The event included the signing of the agreement between the Max Planck Society and SoHP.
August 23-26, 2017
Professor Michael McCormick, SoHP Postoctoral Fellow Alexander More, and three Harvard-SoHP graduate students, Henry Gruber, Megan Michel and Jake Ransohoff, from the departments of History and of Human Evolutionary Biology traveled to Jena in July 2017, to meet with colleagues at the Max Planck Institute for the Science of Human History. During three active and exciting days, visitors from Harvard attended a lecture on new methods for analyzing and representing population genetics data; discussed new advances in genome data and prehistoric human migration with Dr. Stephan Schiffels and Dr. Wolfgang Haak; and joined a round-table discussion with doctoral students at Max Planck’s Historic Plague Project, led by Dr. Kirsten Bos and Dr. Alexander Herbig.

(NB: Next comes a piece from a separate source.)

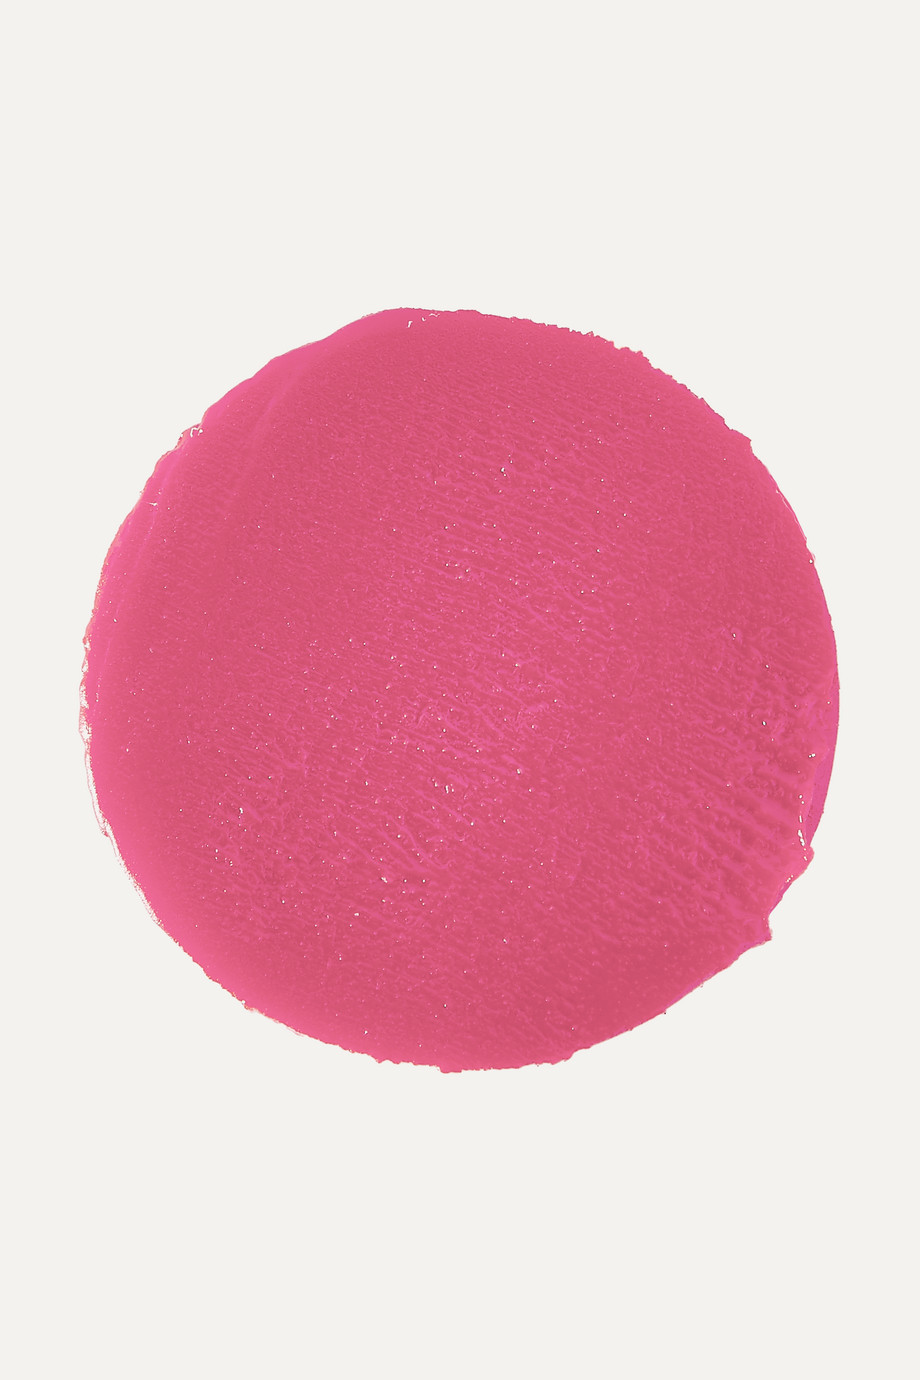 Christian Louboutin Beauty Rouge à lèvres Silky Satin, Bikini

The Harvard team, in turn, shared their recent work on the philology of ancient plague sources, and discussed their findings in light of the new scientific vistas opened by the Historical Plague Project. The visit included a tour of exhibits and the conservation lab at the famous State Museum of Prehistory in Halle, and culminated with a trip to the Max Planck Institute’s labs in Jena. Group meals in Jena’s old town closed each busy day, during which senior scholars and graduate students alike renewed old collaborations and inaugurated new ones.